On Tue, Mar 12 2019, Jeff King wrote:

> On Tue, Mar 12, 2019 at 09:53:41AM +0100, Ævar Arnfjörð Bjarmason wrote:
>
>> There's a at least a couple of aspects to this.
>>
>> One is whether we should have the submodule in
>> sha1collisiondetection/. I agree that's probably a bad idea now
>> per-se. Honestly I wasn't expecting the answer when I submitted the
>> final patch to switch to it fully to be to the effect of submodules
>> being too immature for the git project itself to use. So now we're
>> effectively mid-series, and should maybe just back out.
>
> I think it's especially funky because we have three different ways of
> getting sha1dc (in-tree, submodule, or against an external library). And
> I almost blindly submitted a patch making the in-tree version work
> (since that's what's used by default, and what I use) which could have
> totally broken things for the other use cases without anybody realizing
> until the change trickled down to somebody who uses those flags.
>
> (Technically in this case it wouldn't actually have _broken_ them, but
> just not helped them, so they'd be no worse off. But hopefully you get
> the point).
>
> Speaking of external libraries, in some ways the issue I raised is no
> different than it is for any external library, where we're at the mercy
> of whatever version is on the system. The big dependency for us is
> usually libcurl, and we do have to sometimes work around old versions
> there.
>
> But I do think there's one thing that make the sha1dc submodule approach
> more painful is that we don't control the content of the code, but we
> _do_ build it ourselves with our usual compiler flags. So we're weirdly
> intimate with it (and in fact, an external library would not have the
> problem being discussed here, since it would have been built separately
> without UBSan).
>
>> I fully agree with what you've said in theory, but if we look at what's
>> happened in practice we as a project are demonstrably not disciplined
>> enough to manage upstream code like this without overtly perma-forking
>> it.
>
> I'm not sure I agree completely. Most of the things we've imported are
> small enough that we're reasonably happy to accept them as a snapshot in
> time and take ownership. I.e., I do not recall a lot of instances of
> fixing bugs in compat/regex or compat/poll that we could have gotten
> more easily by merging from upstream. But I admit I don't actually pay
> much attention to those areas, so I might be completely off-base.
>
> The one place I really _would_ have liked to remain compatible with
> upstream is xdiff. And we were traditionally pretty hesitant to clean
> things up there for fear of diverging. But in practice, upstream there
> has been stagnant, and we've done most of the bug fixes and improvements
> to it (in-tree).
>
>> As far as I can tell none of the people changing that code went through
>> the process of submitting a parallel upstream fix or seeing if the issue
>> was fixed upstream and we could just update the code we were carrying,
>> and of course that gets progressively harder for any one contributor as
>> our divergence grows.
>
> To be clear, I do sympathize with the notion that not pulling things
> in-tree keeps our relationship with upstream more disciplined, and that
> has value. I'm just not altogether clear how much it's really hurt us
> overall to be undisciplined.

I agree that say the compat/regex divergence hasn't hurt us much if at
all. Just that we have a few conflicting desires:

 A. Make sure you can "make" git by default without pulling down a bunch
    of libraries, especially if they're not ubiquitous. Thus shipping
    the likes of sha1dc.

 B. Being able to hotfix those libraries.

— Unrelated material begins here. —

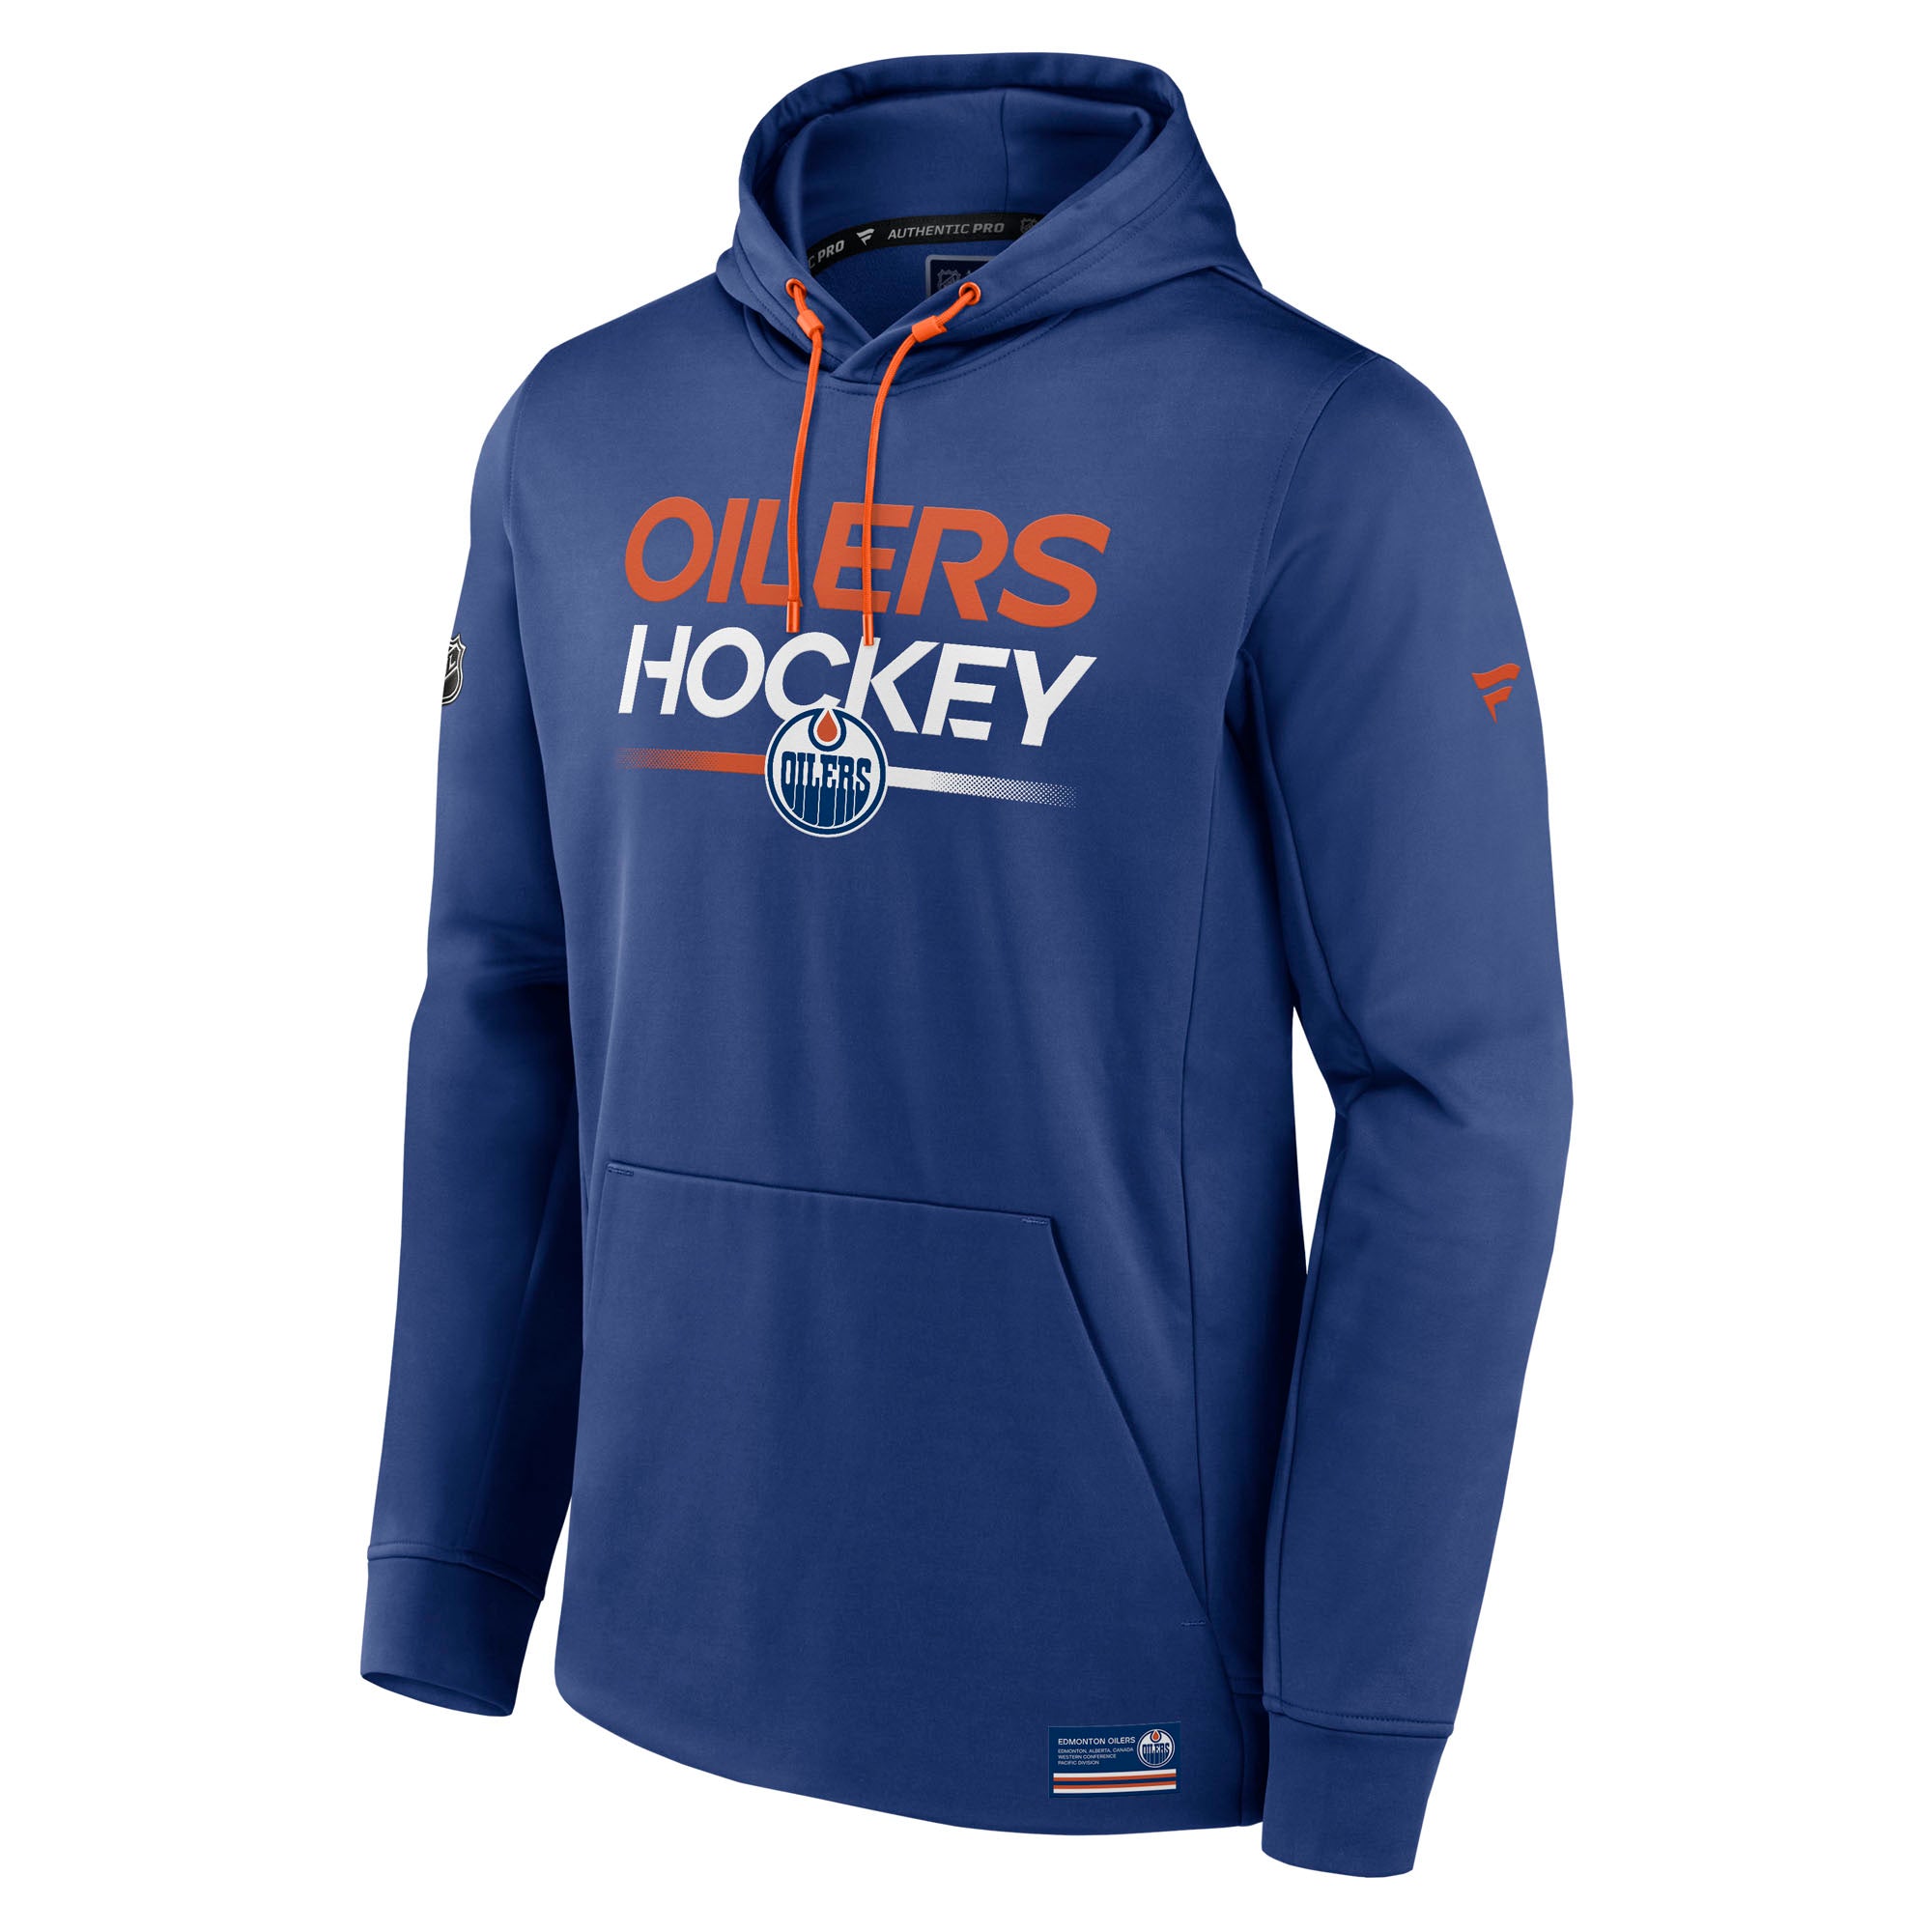 Edmonton Oilers Turtle Island Logo shirt, hoodie, sweatshirt and
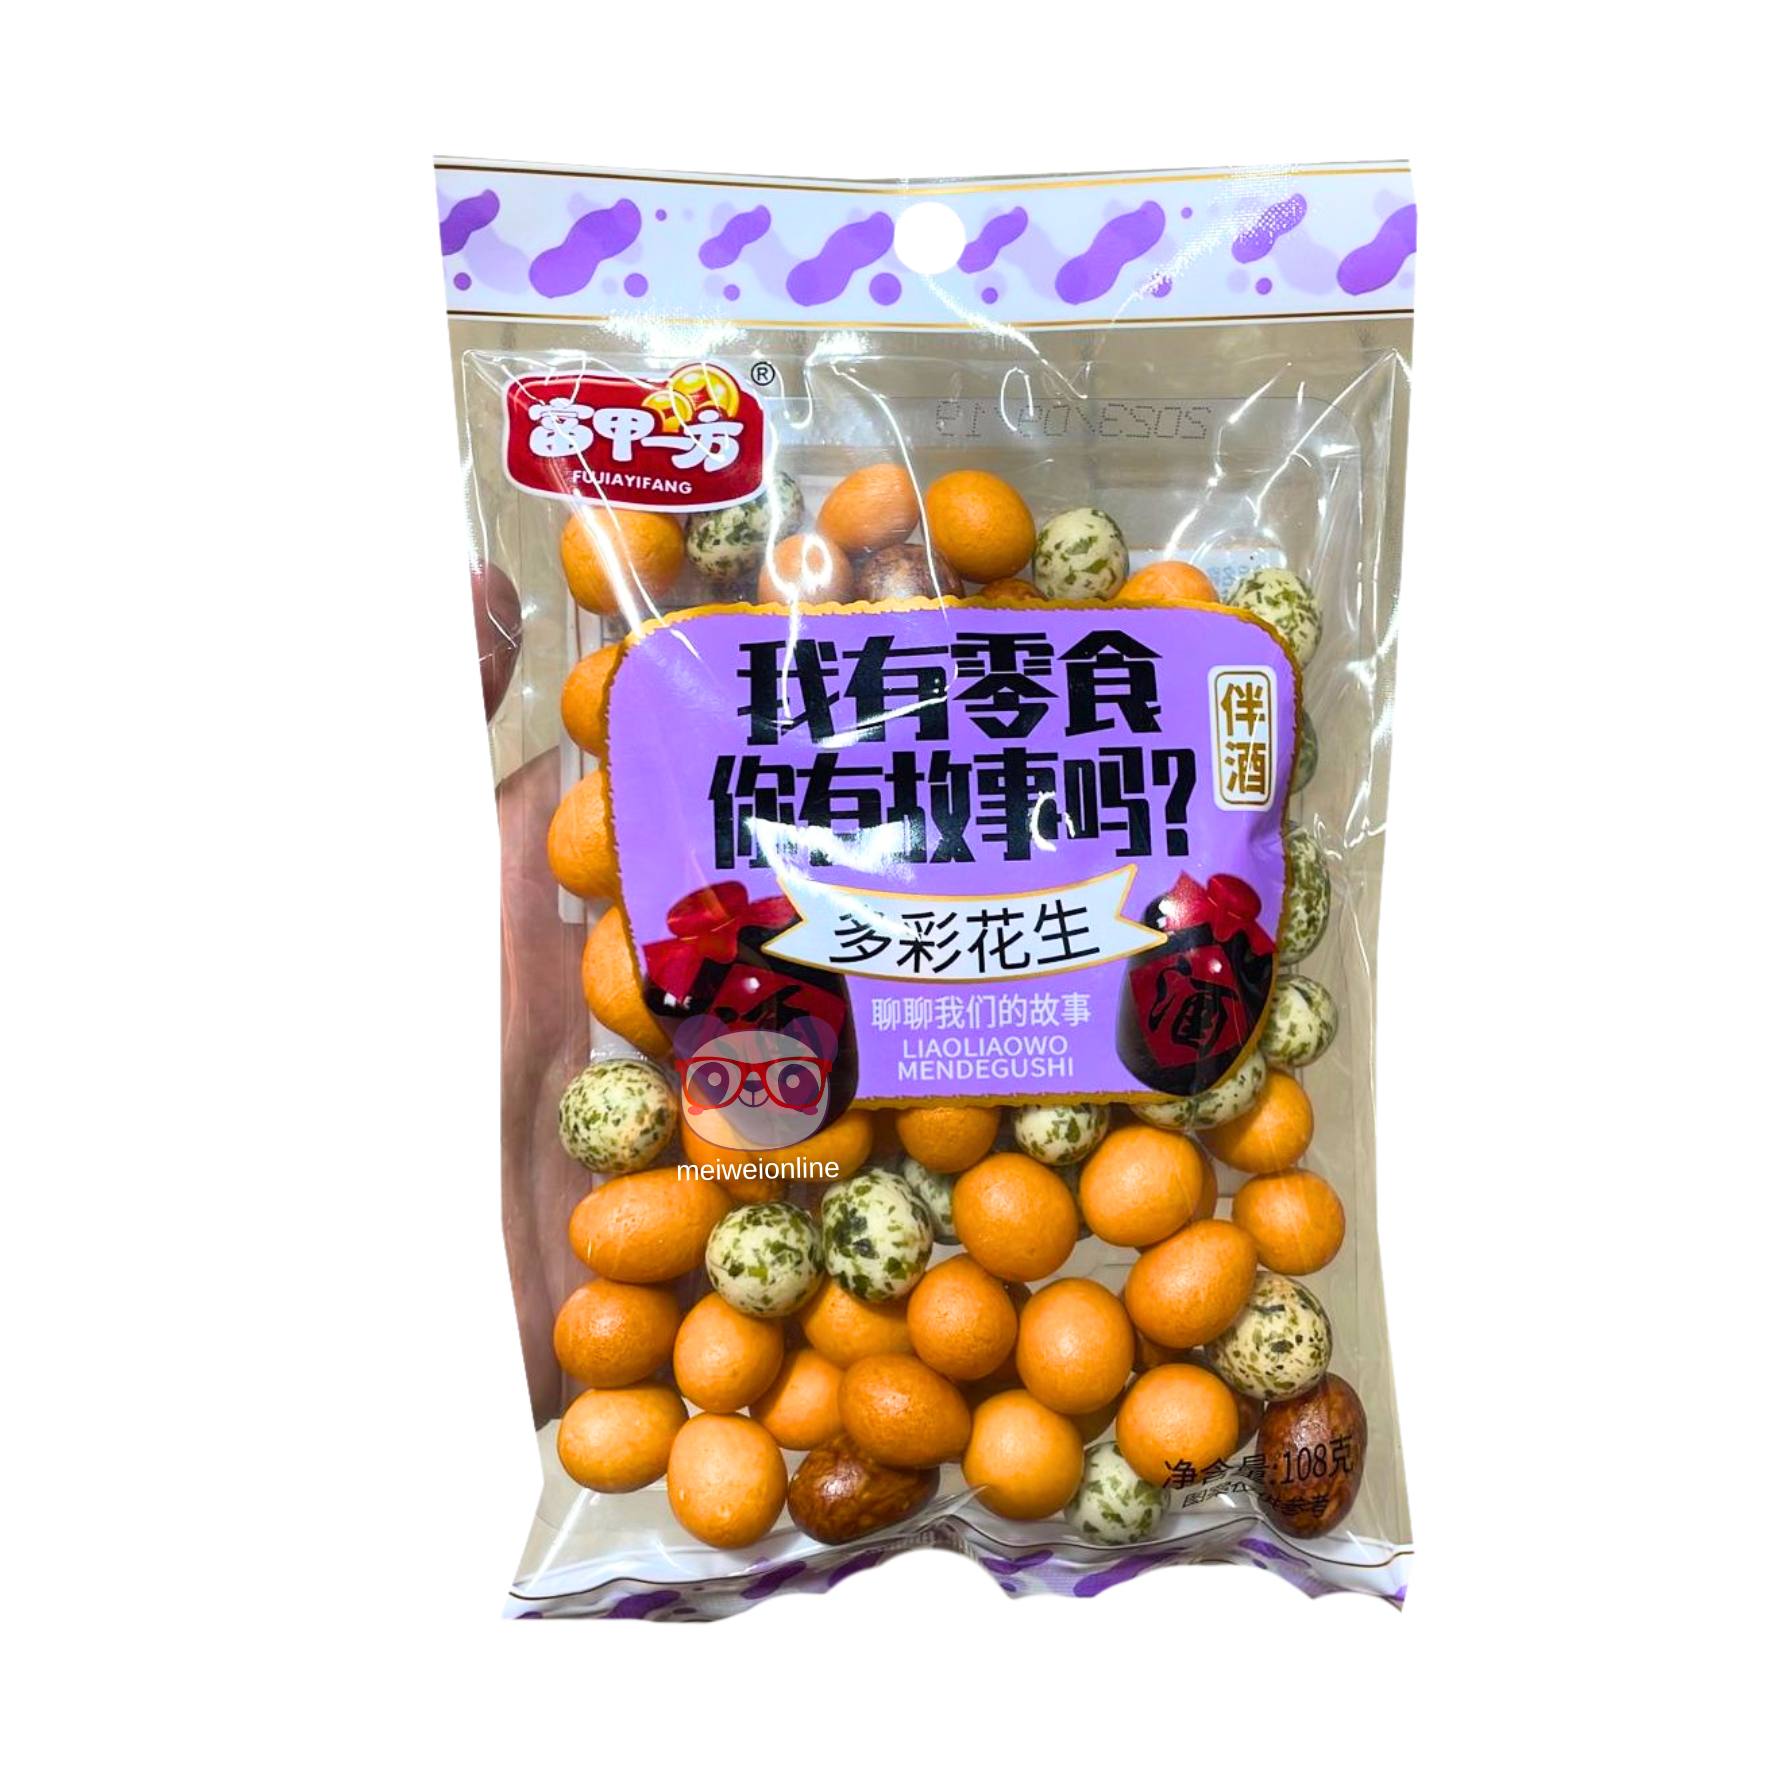 Amendoim colorido - Fujiayifang 108g

 C. Upstreaming those hotfixes when they happen.

 D. Updating the library we pulled in due to "A" from upstream.

In practice because we've wanted "A" we've felt the need to do "B", but
then also not "C" without ever having the discussion that skipping that
part was a good idea, and as a result "D" is hard.

Do we urgently need "D"? No. I'm just pointing out that in addition to
optimzing for "B" being easy we should also weigh being good free
software citizens and coordinate fixes with upstream, which also makes a
future "D" easier.

Also, while I don't know of any bugs in compat/regex. I think it's a bit
concerning that we're carrying 2010-era code for something like the
regex engine that we expose e.g. over gitweb.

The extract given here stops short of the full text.